While the market recovery seen in 2020 has tapered somewhat, Dr Andrew Golding, chief executive of the Pam Golding Property group says the ongoing record-low interest rate will continue to bolster the property market.

“From a housing perspective, the prevailing low interest rates have undoubtedly bolstered market confidence, coupled with favourable lending conditions seeing both average (trailing effective) and first-time buyer approval rates rising further in August (2021), increasing to 82.6% and 81.2% respectively, according to ooba.

“Moreover, after increasing in Q4 2020 and Q1 2021, deposits as a percentage of purchase price are again declining, with average and first-time home buyer deposit rates converging at around 7% in August, while the overall approval rate for 100% home loans rose marginally in the same month to 82.8%.

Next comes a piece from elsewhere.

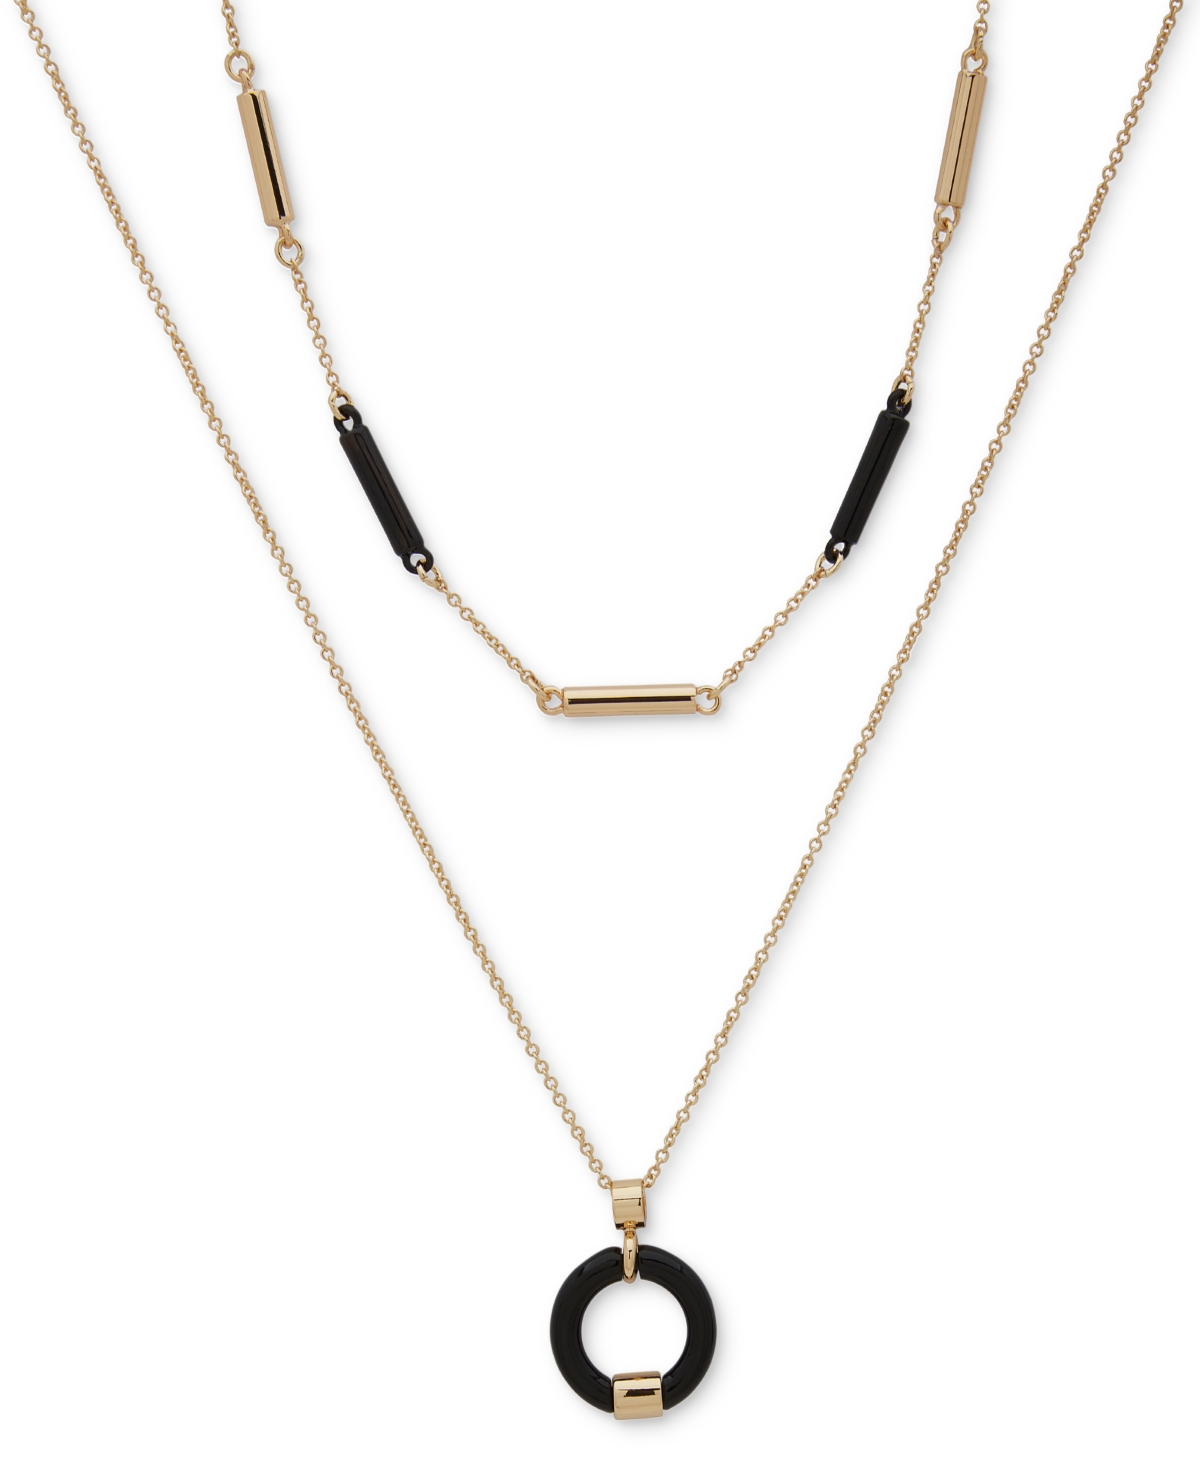 Dkny Gold-tone Black Bar & Circle Layered Pendant Necklace, 16" + 3" Extender In Jet

“According to the Pam Golding Residential Property Index, while national house price inflation continues to lose momentum as economic growth slows in Q3 2021, easing from a peak of 5.2% in May to 5% in August, the sub-R1 million price band continues to enjoy uninterrupted growth, averaging at 5.8% for the year to date (to August 2021).”

 “Bucking the national trend, the Western Cape is the only major regional market in which house price inflation continues to accelerate, with house price inflation averaging 5.8% during the year to date, compared to 4.7% in both Gauteng and KwaZulu-Natal.

“In addition, according to Lightstone, the coastal price premium versus non-coastal homes continues to widen, reaching 2.9% in May 2021 (latest data) and averaging at 2.2% for the year to date, compared to just 0.2% in 2020.

“According to ooba, the average price of homes sold rebounded in August, rising to R1.4 million overall and R1.13 million for first-time buyers – the latter approaching January 2021’s record high.

“Notably, at R113 billion, the total value of residential property transfers in South Africa during the first half (H1) of 2021 was 35.4% above H1 2019, while units were 12.3% higher at approximately 114 000 (Lightstone data). This robust improvement from pre-Covid levels of activity underlines the ongoing resilience of the country’s housing market, underpinned by consistent demand for correctly priced homes across all price bands, particularly the sub-R5 million category – but also including luxury residences,” says Dr Golding.